*** DATA PROVIDED Section Begins ***

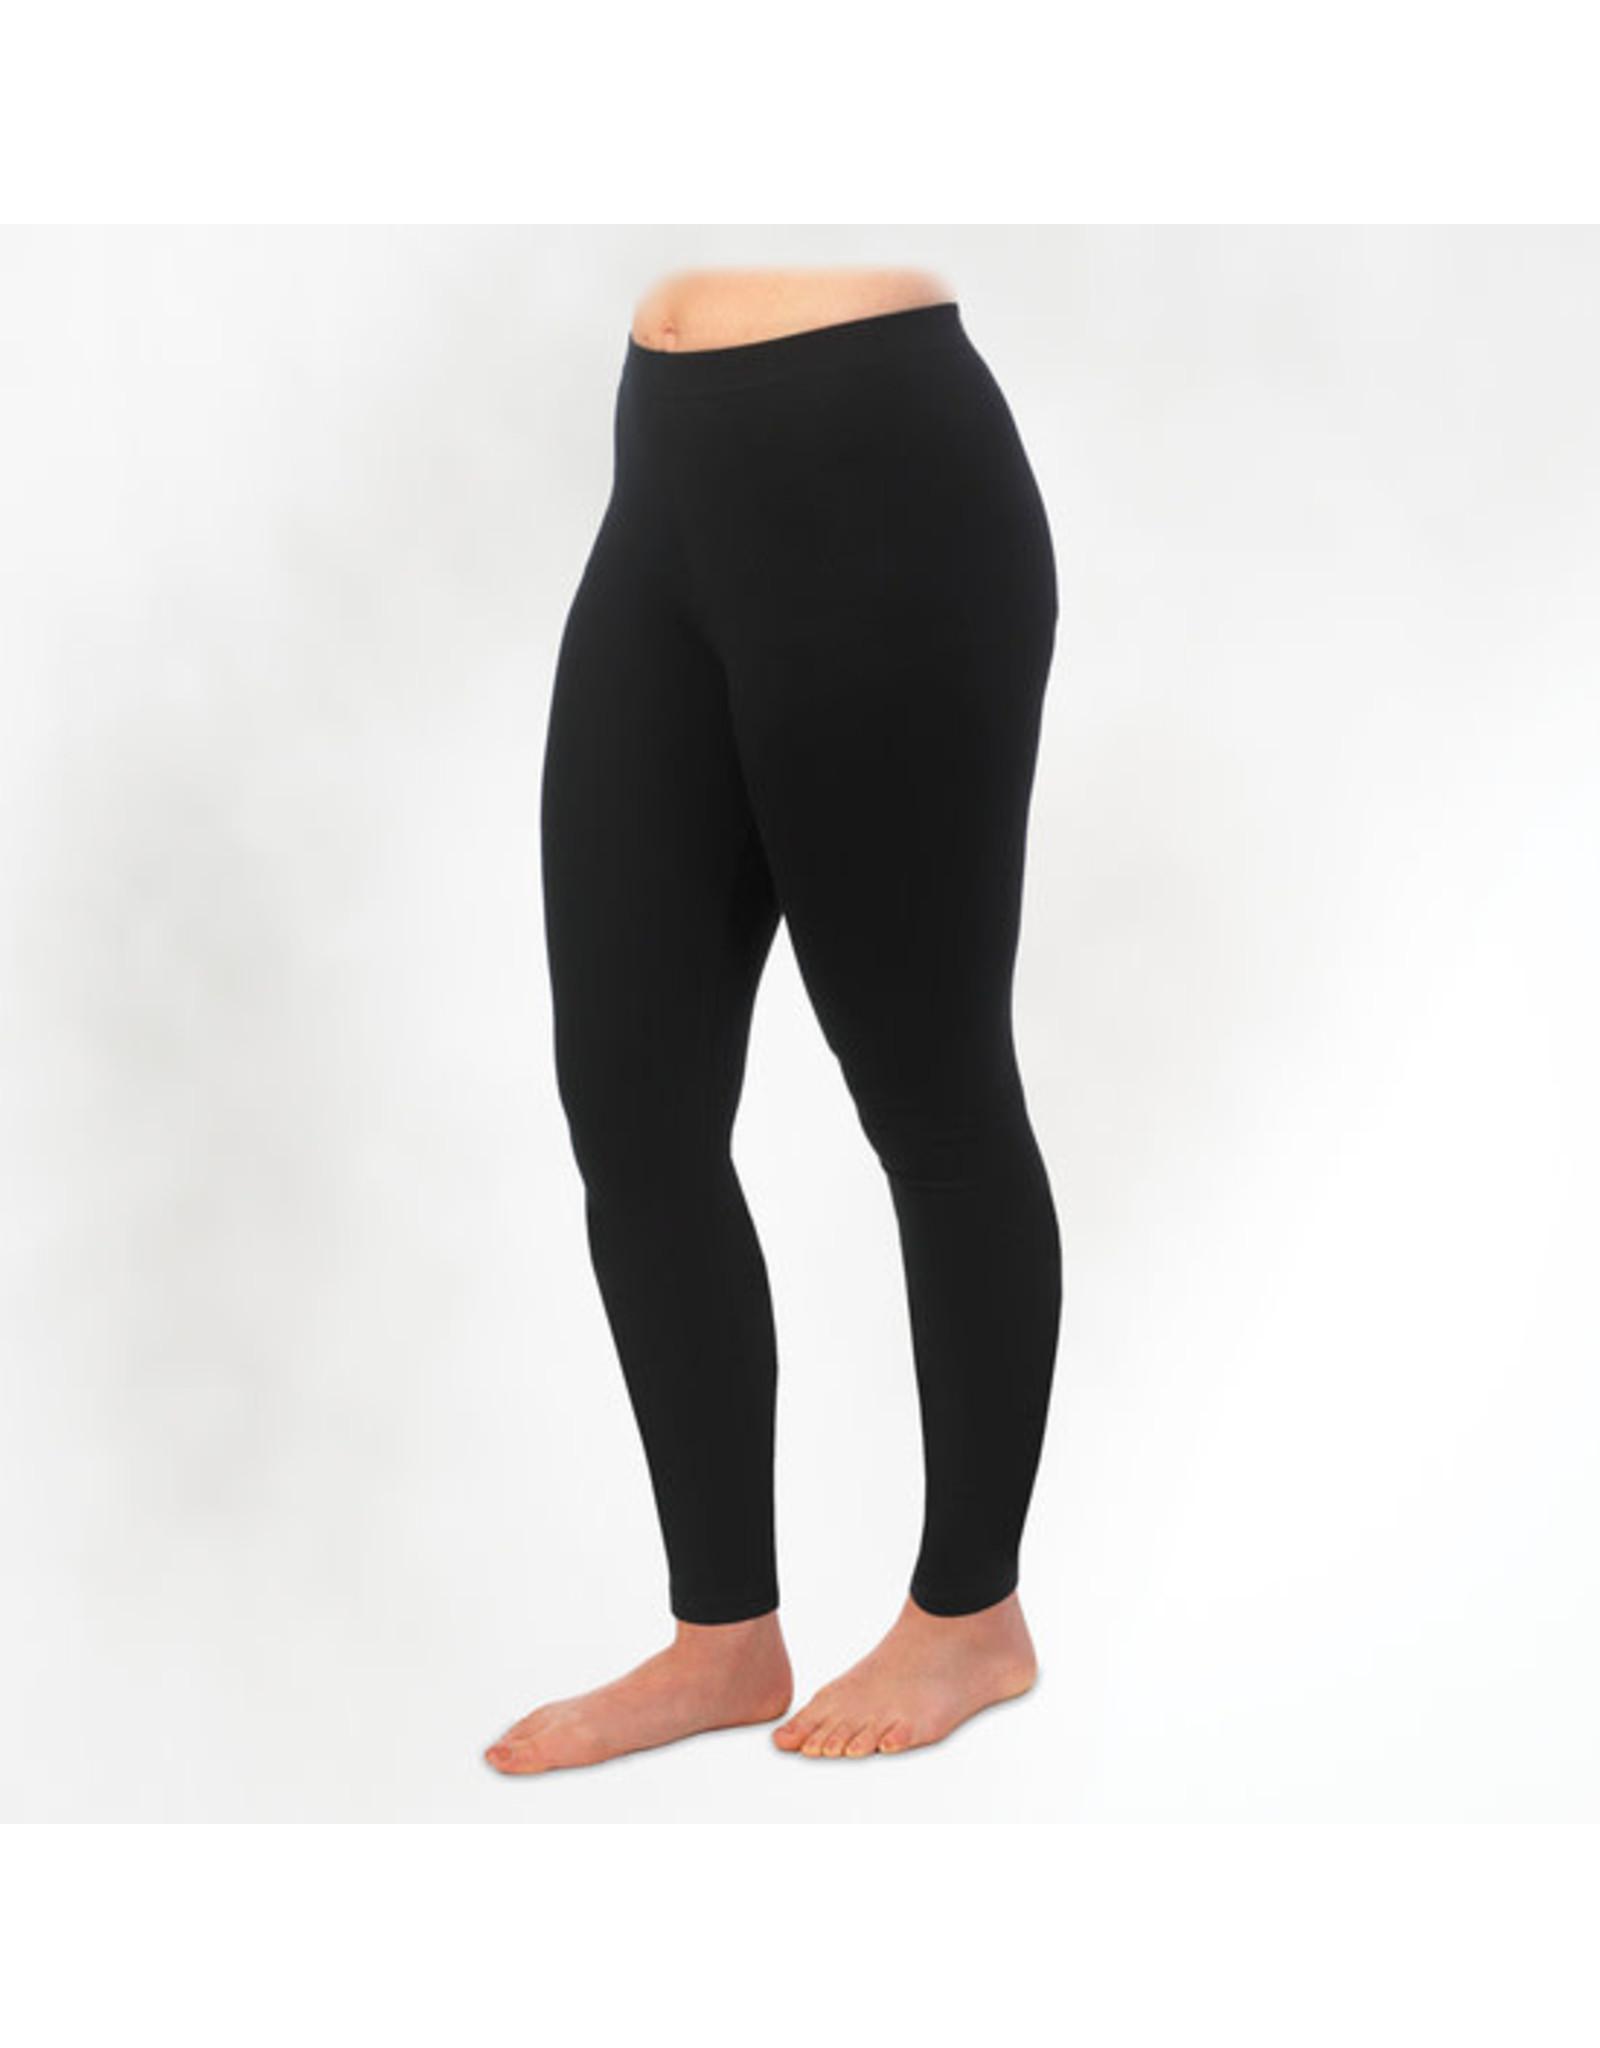 Organic Cotton Ankle Legging, Black.
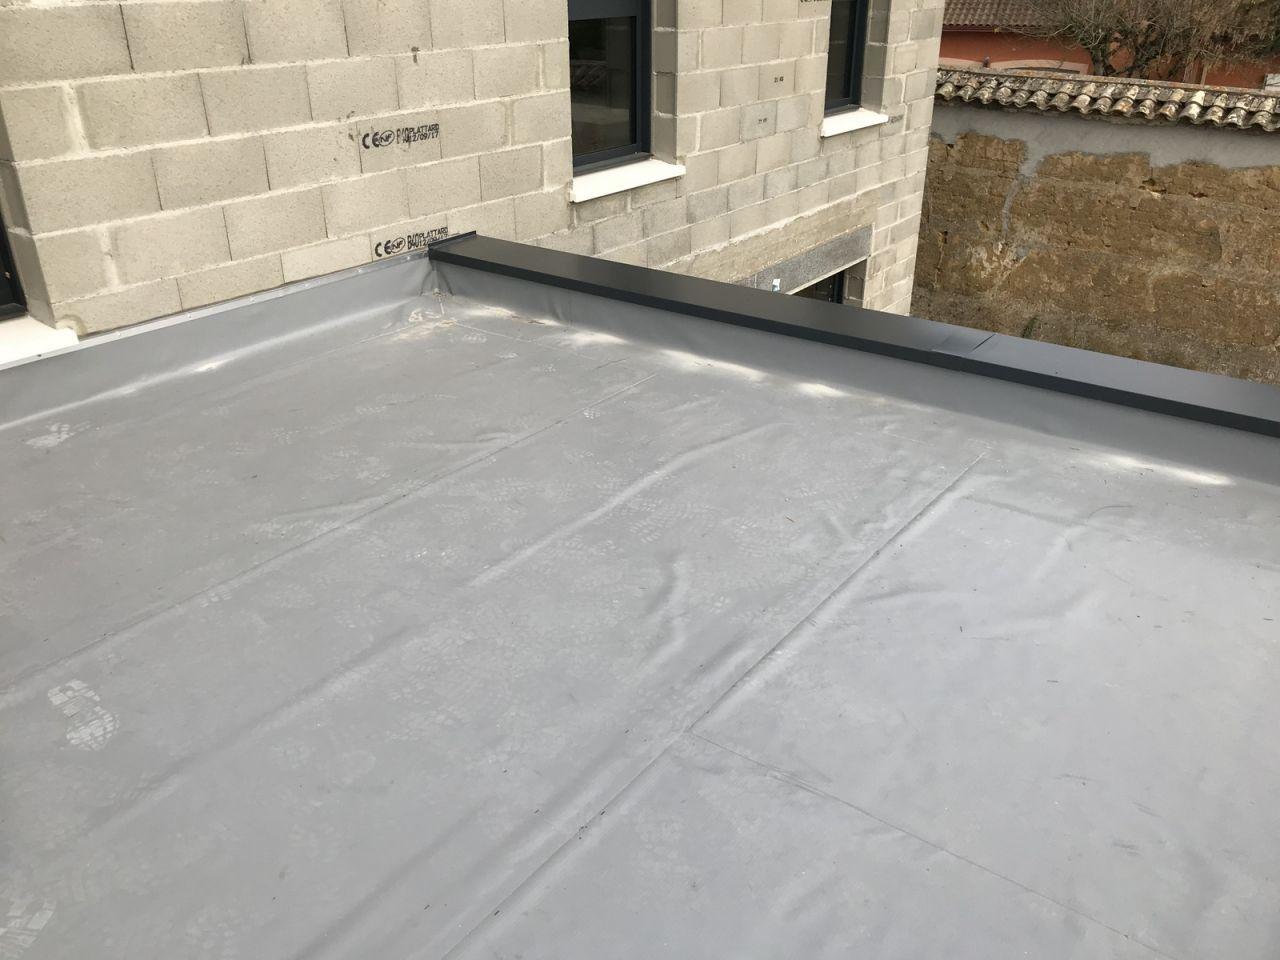 La partie en toit terrasse
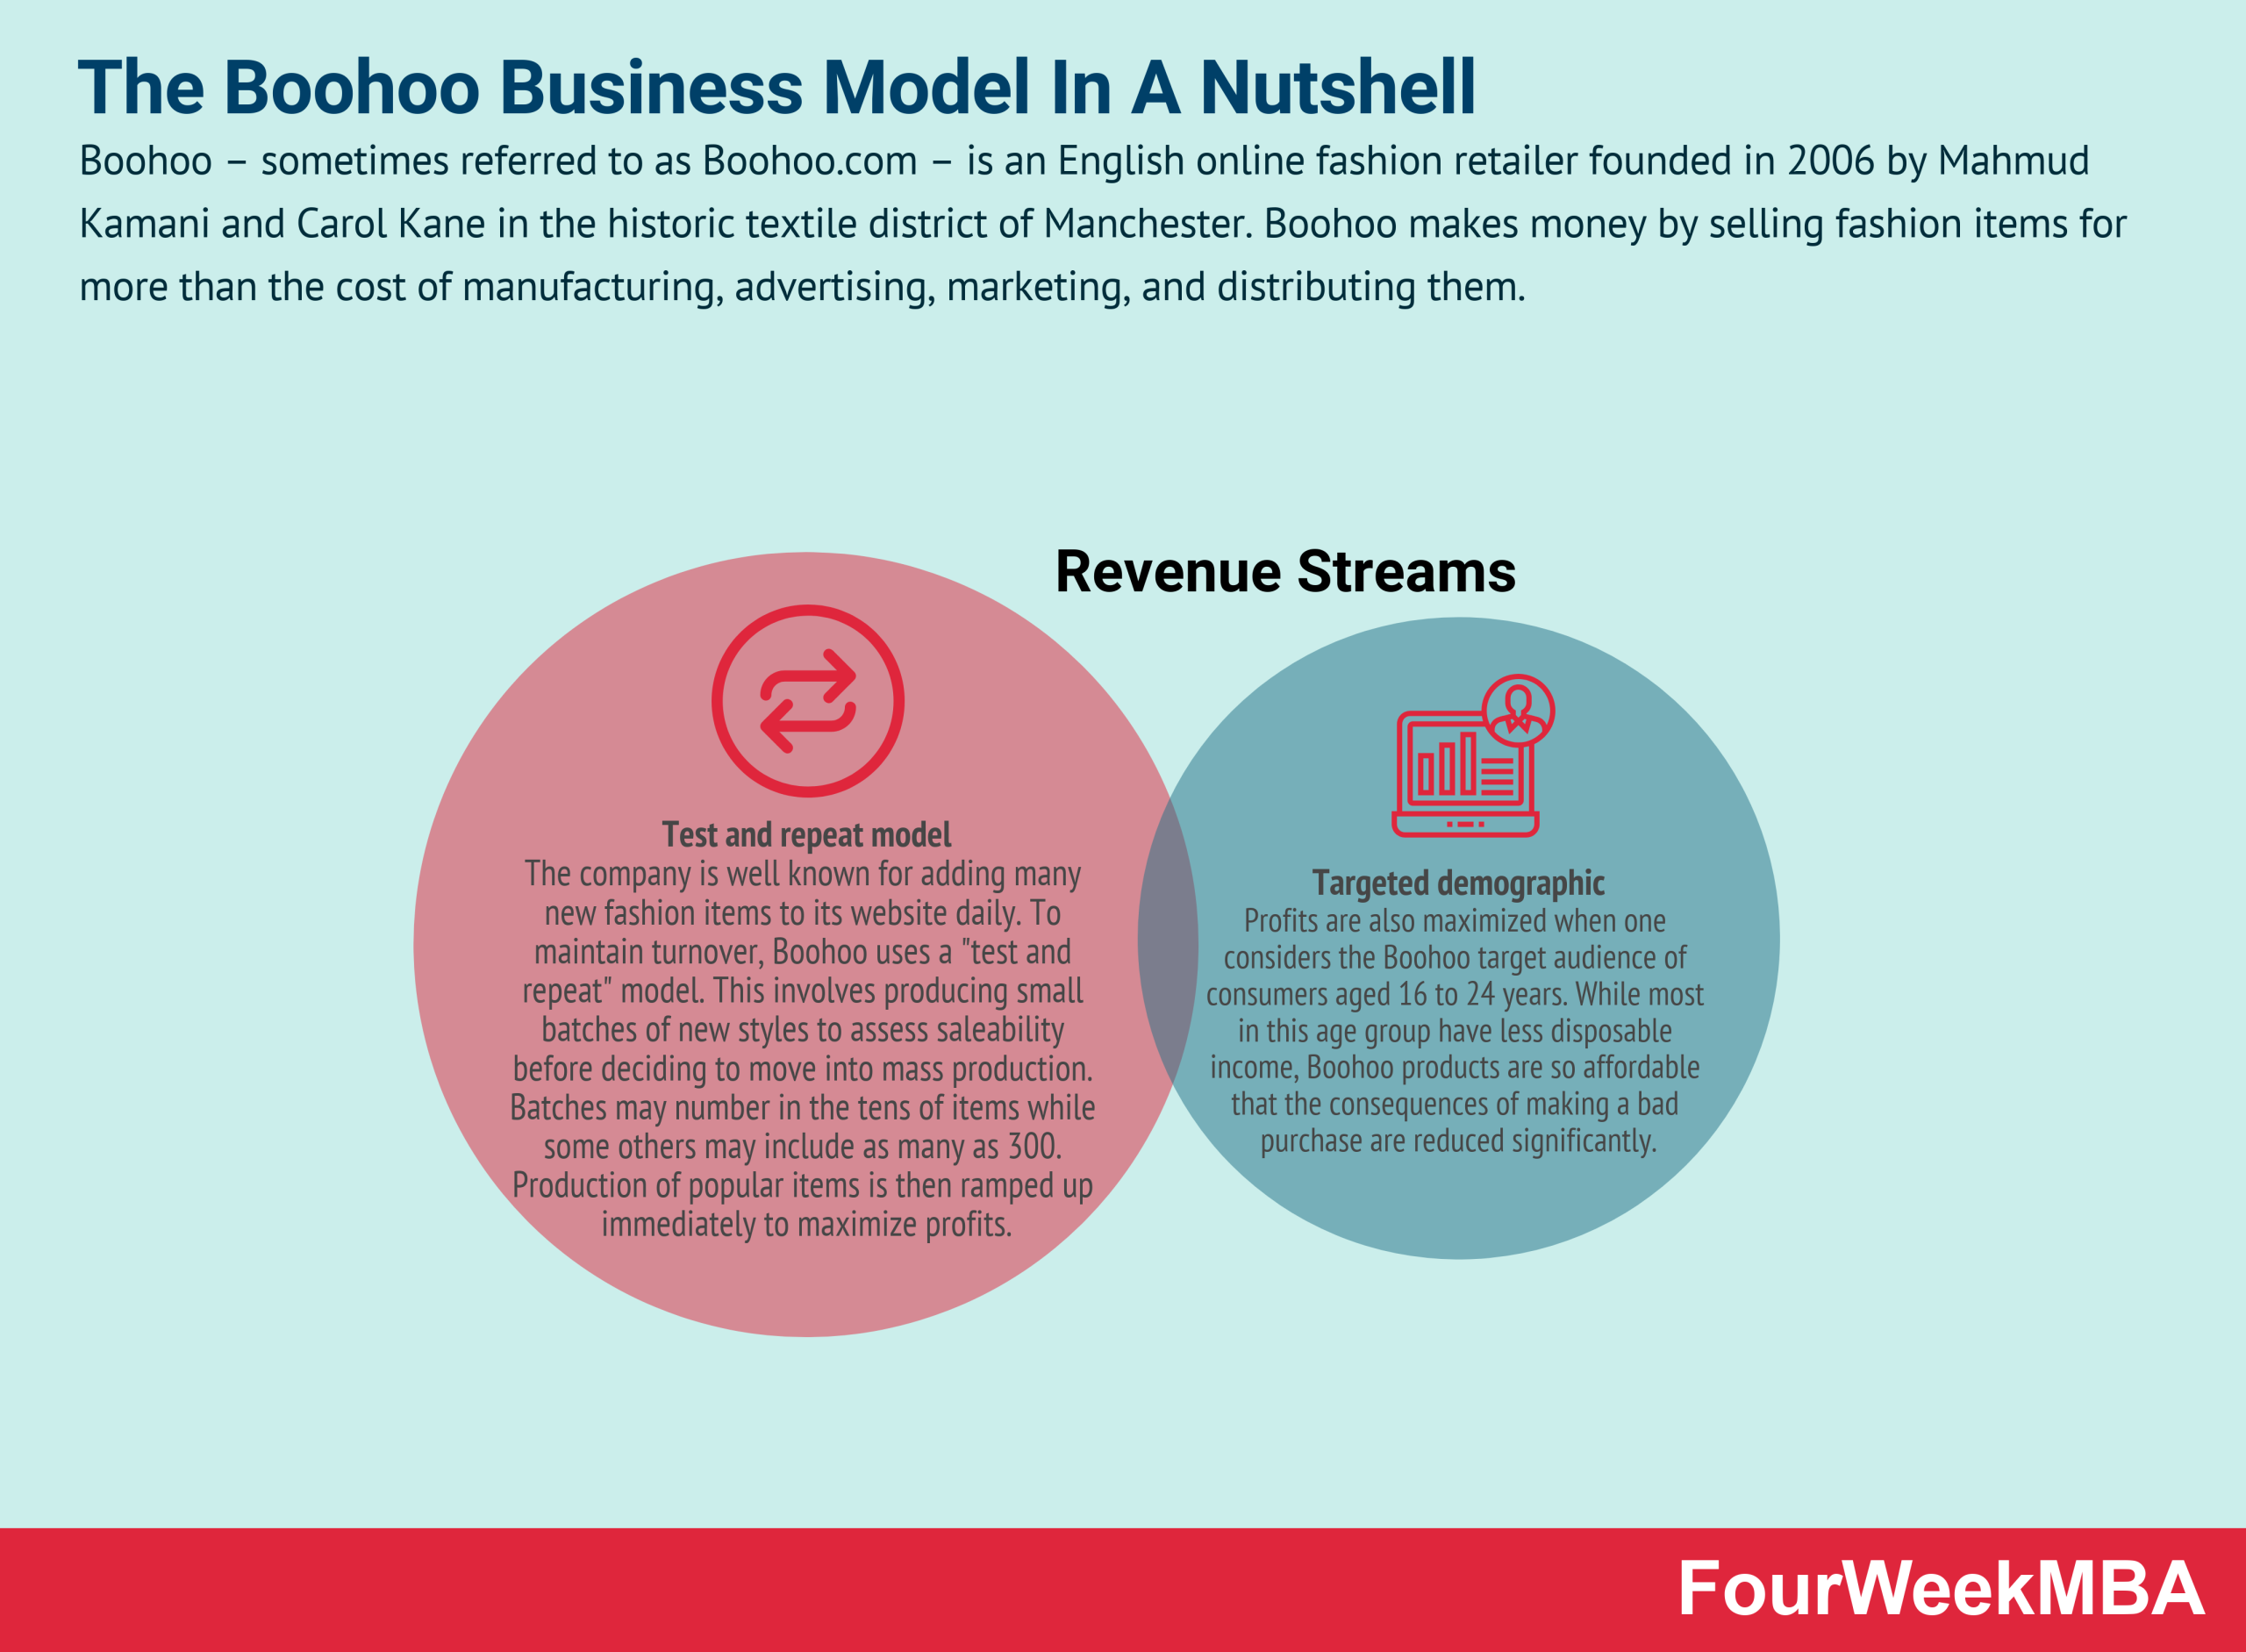 boohoo-business-model

*** DATA PROVIDED Section Ends ***

=== YOUR INSTRUCTIONS ===
Set the listing down exactly, without its pictures.

=== SOLUTION FOR THIS PROBLEM ===
 Organic Cotton Ankle Legging, Black.
 La partie en toit terrasse
 boohoo-business-model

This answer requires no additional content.